Bujumbura, 16 juin 2026 – Face à la résurgence préoccupante de l’épidémie d’Ebola en République démocratique du Congo et en Ouganda, l’Union africaine a franchi une étape majeure dans la mobilisation continentale contre cette menace sanitaire. Réunis en sommet virtuel de haut niveau sous la présidence de Son Excellence Évariste Ndayishimiye, Président de la République du Burundi et Président en exercice de l’Union africaine, les dirigeants africains et leurs partenaires internationaux ont annoncé des engagements financiers atteignant 910 millions de dollars pour soutenir la riposte.
La rencontre, organisée depuis le Palais Ntare Rushatsi à Bujumbura, a rassemblé plusieurs Chefs d’État et de Gouvernement africains, ainsi que des représentants d’organisations internationales. Y ont notamment pris part le Président de la Commission de l’Union africaine, Mahamoud Ali Youssouf, et le Directeur général des Centres africains de contrôle et de prévention des maladies (Africa CDC), le Dr Jean Kaseya.
Une mobilisation historique face à une menace sanitaire urgente
L’épidémie actuelle est provoquée par la souche rare Bundibugyo du virus Ebola, une variante particulièrement préoccupante en raison de l’absence de vaccin ou de traitement spécifiquement homologué. Face à cette situation, le Président Évariste Ndayishimiye a lancé un appel fort à l’action collective, exhortant les États membres et les partenaires internationaux à transformer rapidement leurs engagements en actions concrètes.
« Chaque jour d’inaction est un jour de trop », a-t-il déclaré, soulignant l’urgence d’une réponse coordonnée et efficace afin d’éviter une aggravation de la crise.
Cet appel a trouvé un écho favorable auprès des participants. Les promesses de financement annoncées lors de la réunion atteignent désormais 910 millions de dollars, dont 80 millions apportés directement par les États africains. Une mobilisation remarquable qui dépasse largement les ressources jusque-là disponibles, estimées à seulement 100 millions de dollars, alors que les besoins immédiats de la riposte étaient évalués à 518 millions de dollars pour les six prochains mois.
Le leadership africain au cœur de la réponse
Au-delà des montants mobilisés, cette réunion a illustré la capacité de l’Afrique à prendre en main ses propres défis sanitaires. Sous l’impulsion du Président Ndayishimiye, l’Union africaine a démontré sa volonté d’assumer un rôle moteur dans la gestion des urgences de santé publique qui menacent le continent.
Le Directeur général d’Africa CDC, le Dr Jean Kaseya, avait alerté sur les conséquences d’une réponse tardive. Selon ses estimations, le coût de la gestion de l’épidémie pourrait atteindre 1,5 milliard de dollars en l’espace de quatre semaines et grimper jusqu’à 7,5 milliards de dollars si les mesures nécessaires n’étaient pas rapidement mises en œuvre.
Cette mise en garde a renforcé la détermination des dirigeants africains à agir sans délai afin d’éviter une propagation régionale de la maladie.
Une solidarité continentale renforcée
Lors de son intervention, le Président en exercice de l’Union africaine a réaffirmé la solidarité totale du continent envers les populations affectées.
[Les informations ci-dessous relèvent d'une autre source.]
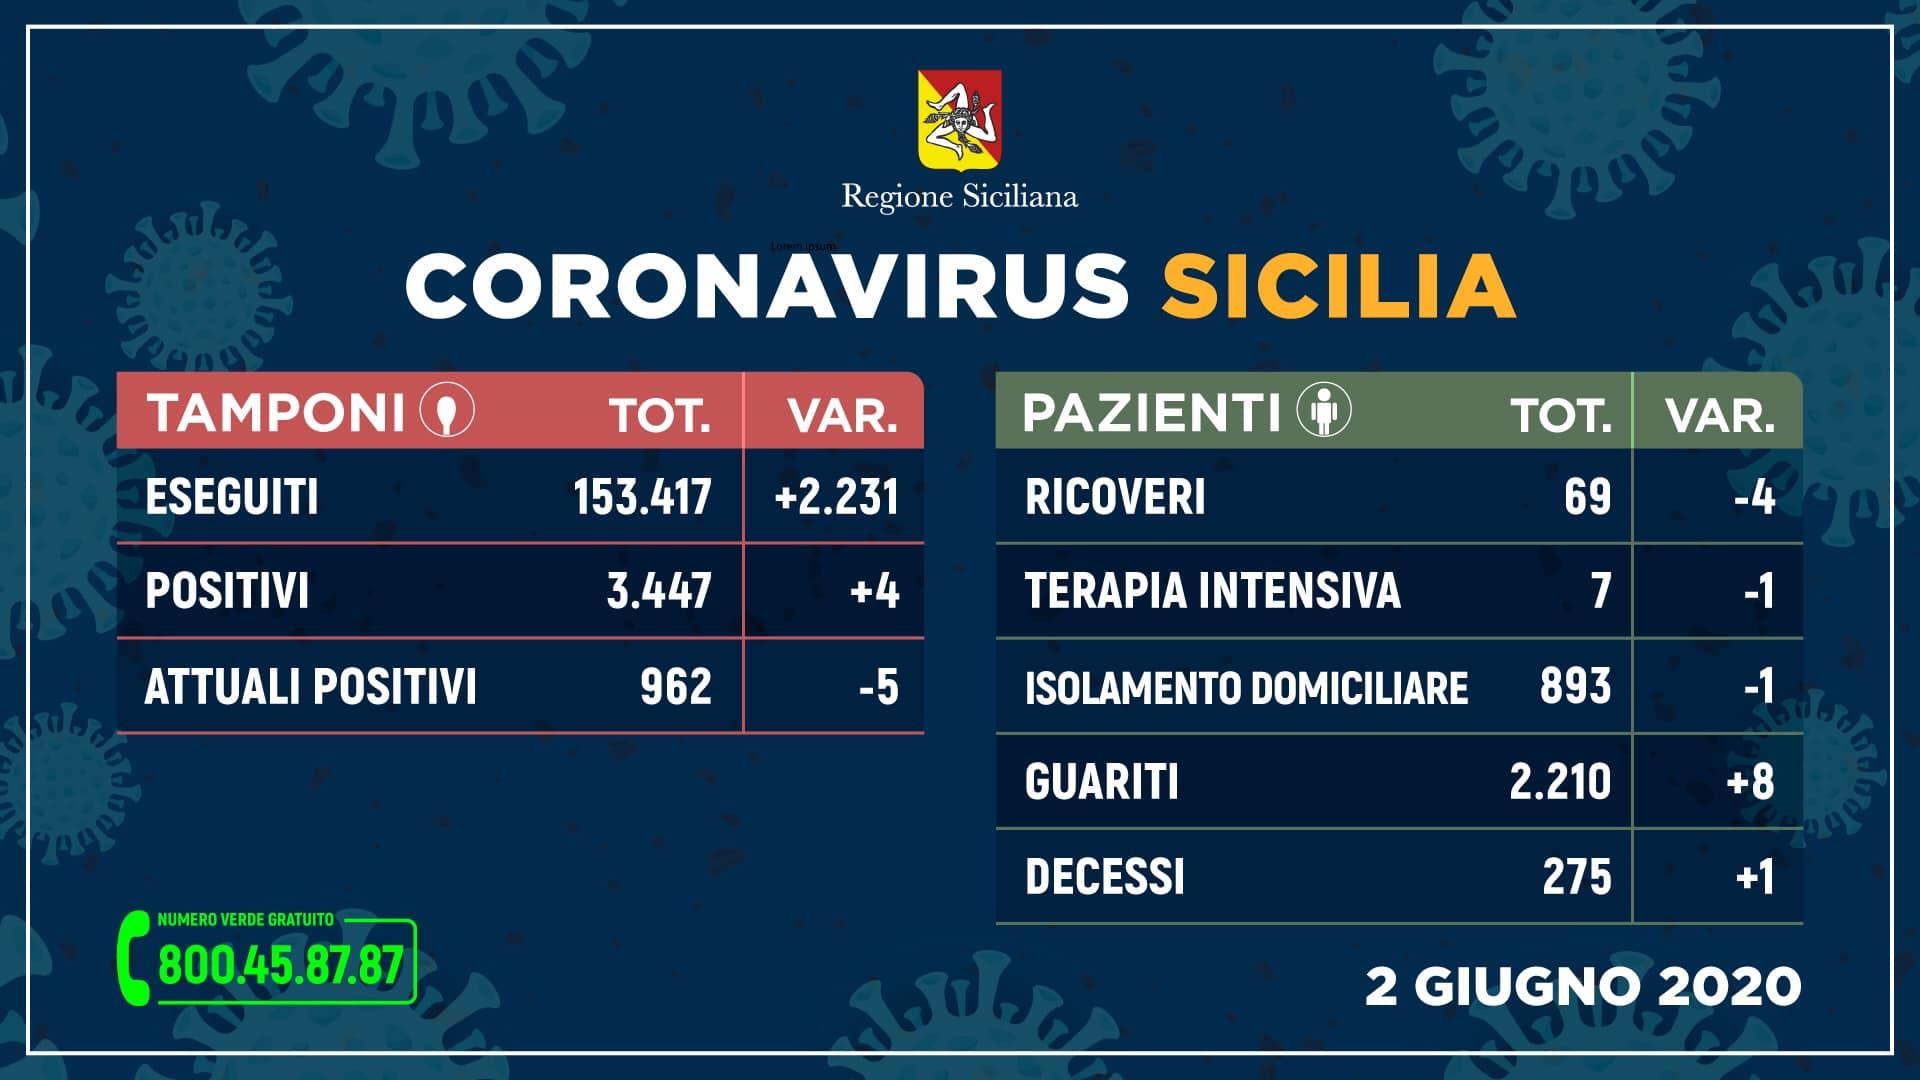 Contagi in Sicilia, le statistiche di oggi: +4 nuovi positivi, +8 guariti, +1 deceduto

Il a insisté sur la nécessité de renforcer la coopération entre les pays touchés et ceux exposés au risque de contamination, notamment à travers une coordination transfrontalière plus efficace.
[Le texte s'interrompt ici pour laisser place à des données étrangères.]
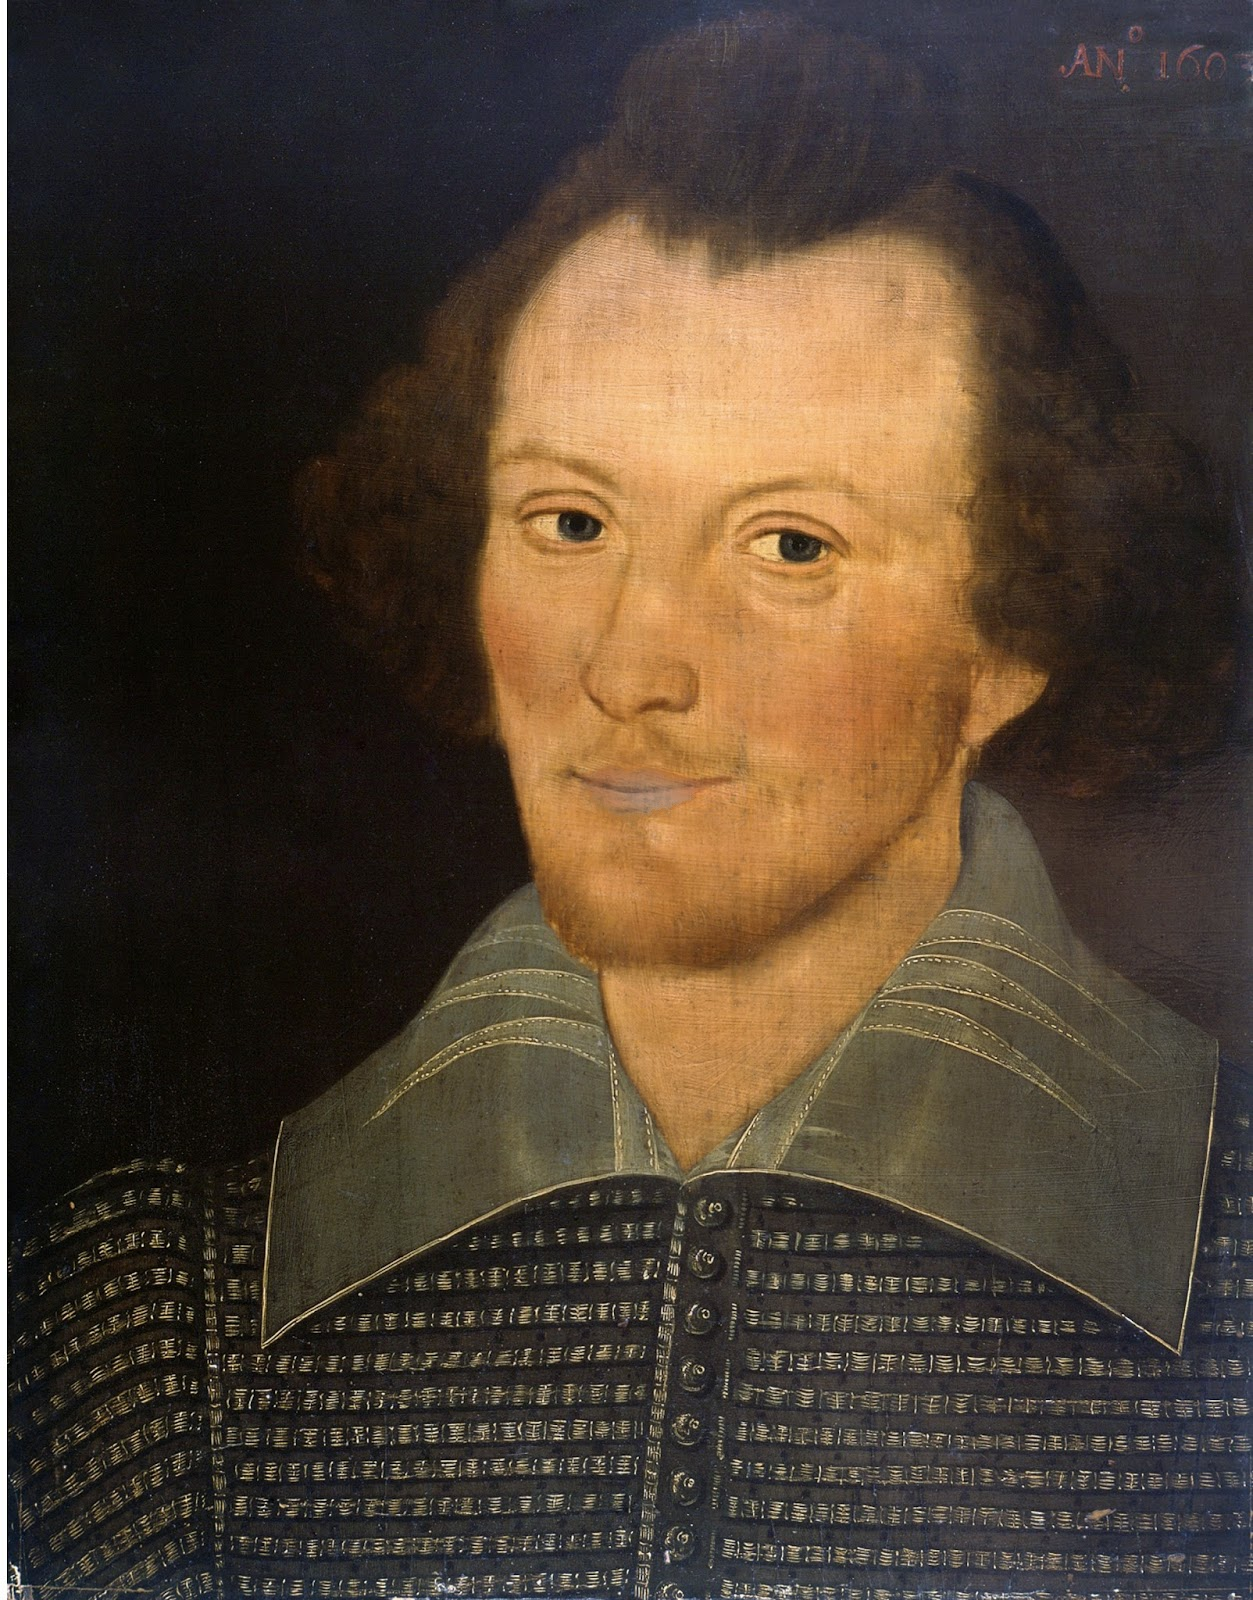 William shakespeare essay topics

Cette stratégie repose sur le leadership opérationnel d’Africa CDC, avec le soutien de l’Organisation mondiale de la Santé (OMS) et des Communautés économiques régionales. Dans un contexte marqué par les déplacements de populations et des défis sécuritaires persistants dans certaines zones affectées, cette coordination apparaît essentielle pour freiner la propagation du virus.
Vers une Afrique plus résiliente face aux crises sanitaires
La décision récente d’Africa CDC de classer Ebola comme une « Urgence de Santé Publique d’Intérêt Continental » témoigne de la gravité de la situation, mais également de la volonté des institutions africaines d’anticiper les risques sanitaires majeurs.
En mobilisant des ressources financières sans précédent et en favorisant une réponse collective, le Président Évariste Ndayishimiye inscrit son action dans une vision de long terme visant à renforcer la souveraineté sanitaire du continent. Cette initiative pourrait constituer un tournant décisif dans la lutte contre Ebola, tout en consolidant les mécanismes africains de prévention et de gestion des crises sanitaires futures.
À travers cette mobilisation historique, l’Union africaine confirme ainsi sa détermination à protéger les populations africaines et à bâtir un système de santé continentale plus résilient, plus coordonné et mieux préparé aux défis de demain.